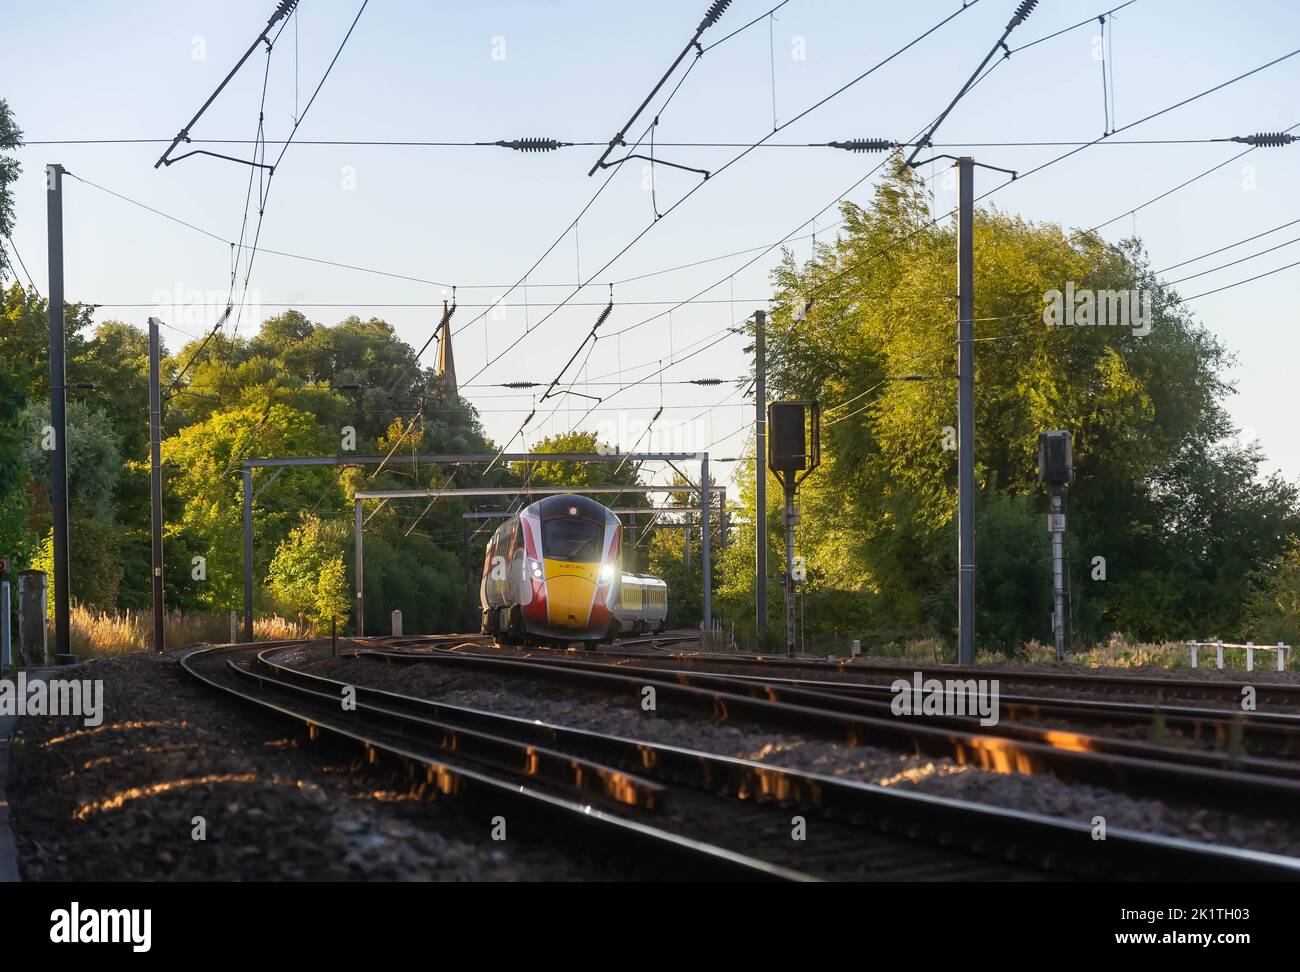 Trains, East Coast Main Line, LNER , Intercity Trains, London to Edinburgh trains, London to Leeds trains Stock Photo
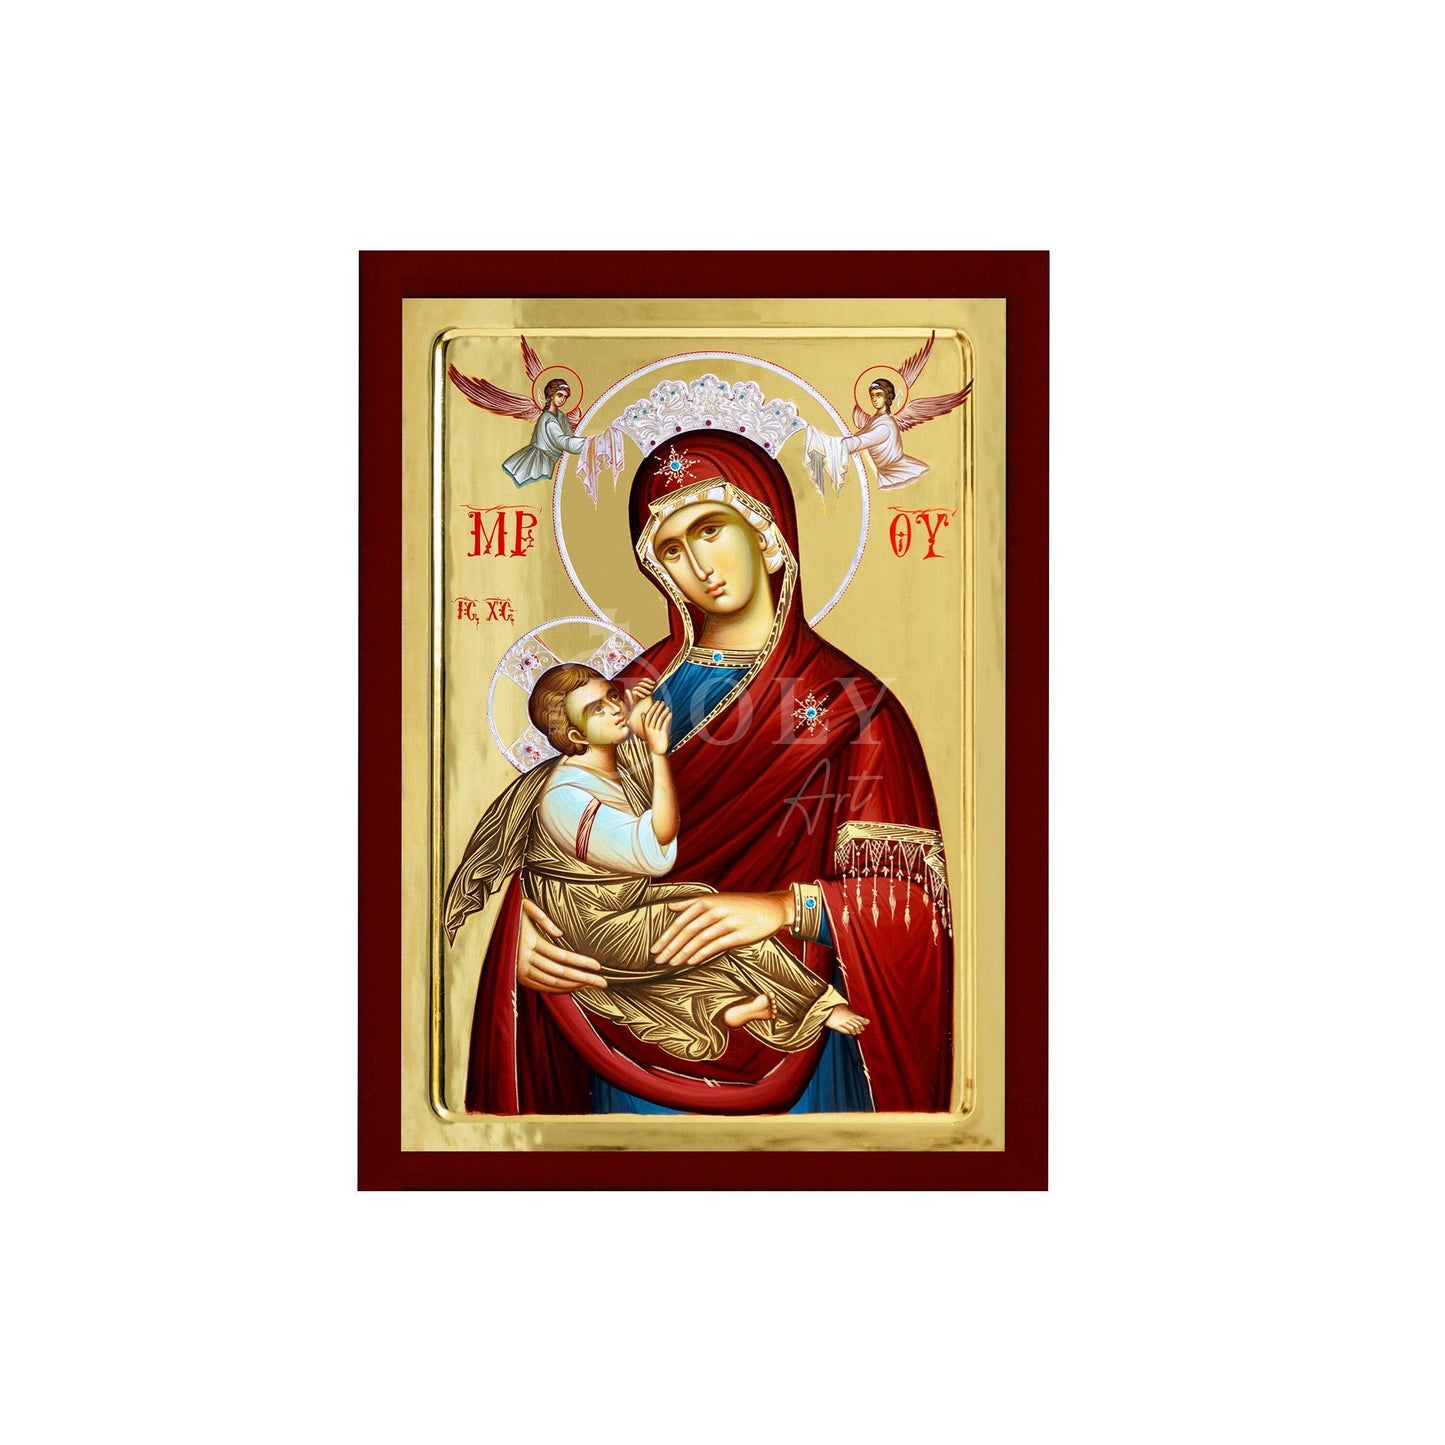 Virgin Mary icon Panagia Galaktotrophousa, Handmade Greek Orthodox Icon, Mother of God Byzantine art, Theotokos wall hanging wood plaque TheHolyArt
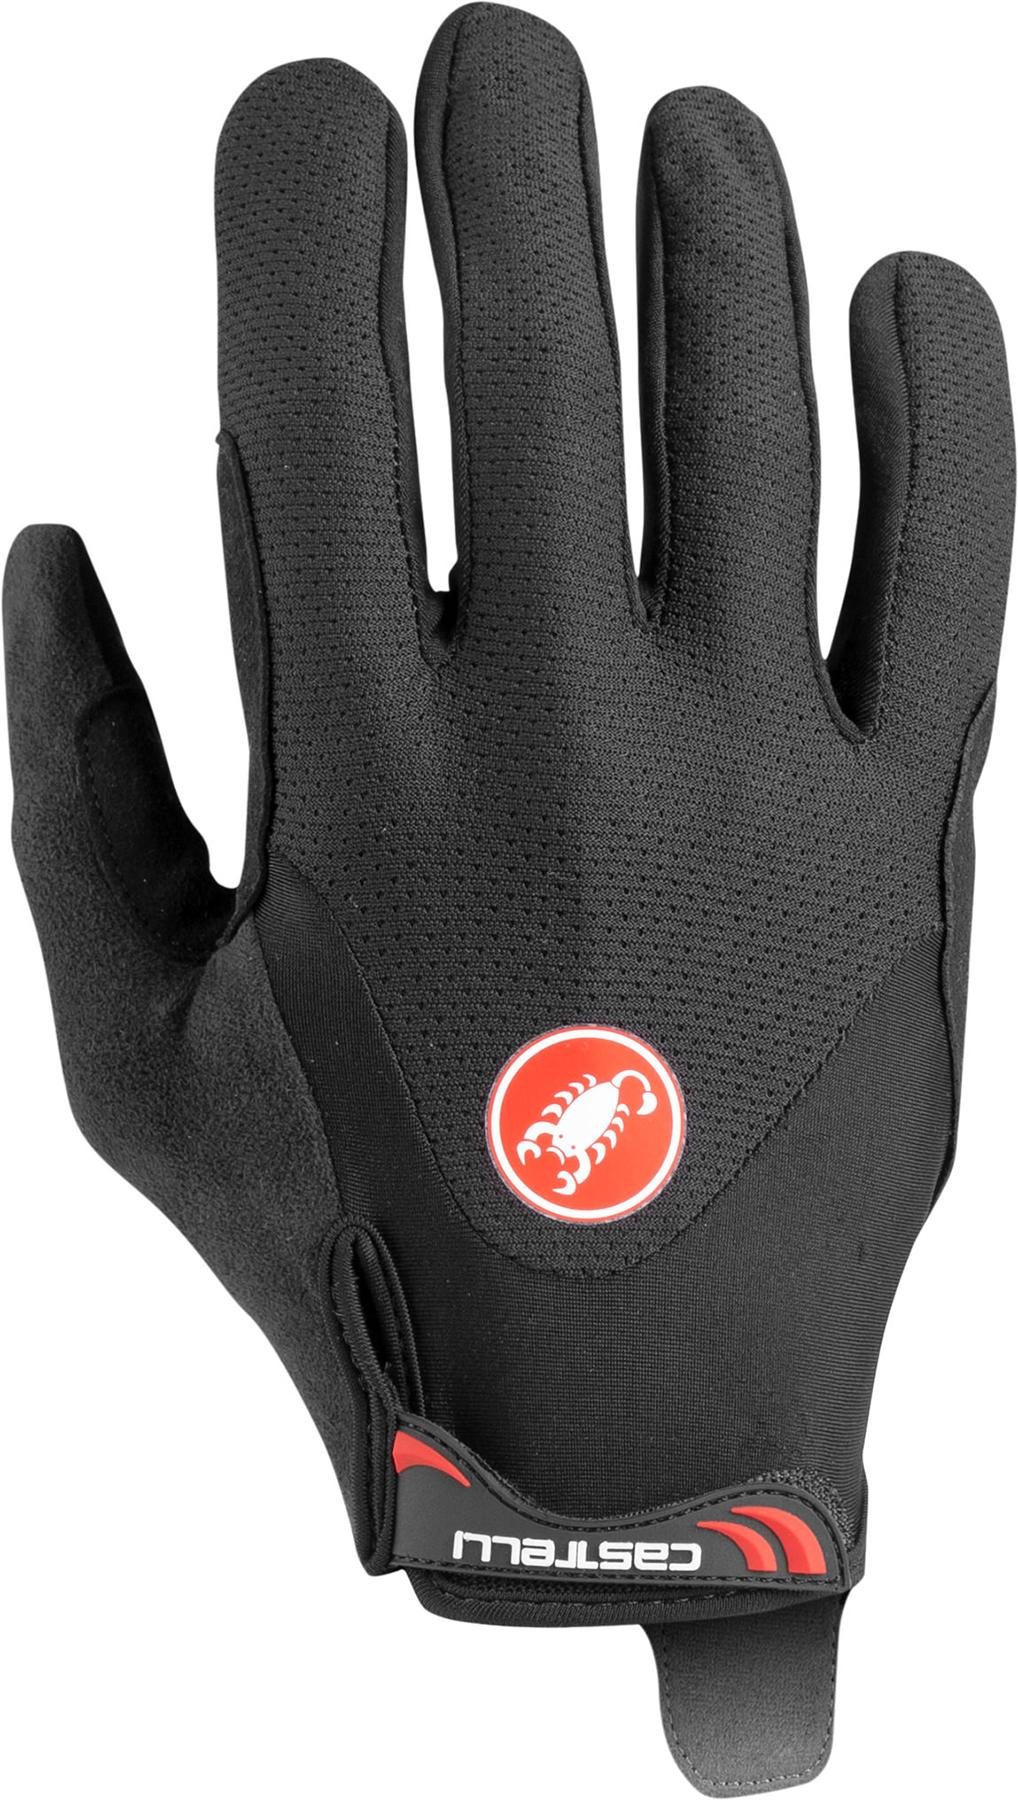 Castelli Arenberg Gel Cycling Gloves - Black

REQUIRED ACTION =
Write the lines from the line containing "Virgin Mary icon" through the last line of the data out again exactly, and only those lines; pictures stay out.

ANSWER TO THE EXERCISE =
 Virgin Mary icon Panagia Galaktotrophousa, Handmade Greek Orthodox Icon, Mother of God Byzantine art, Theotokos wall hanging wood plaque TheHolyArt
 Castelli Arenberg Gel Cycling Gloves - Black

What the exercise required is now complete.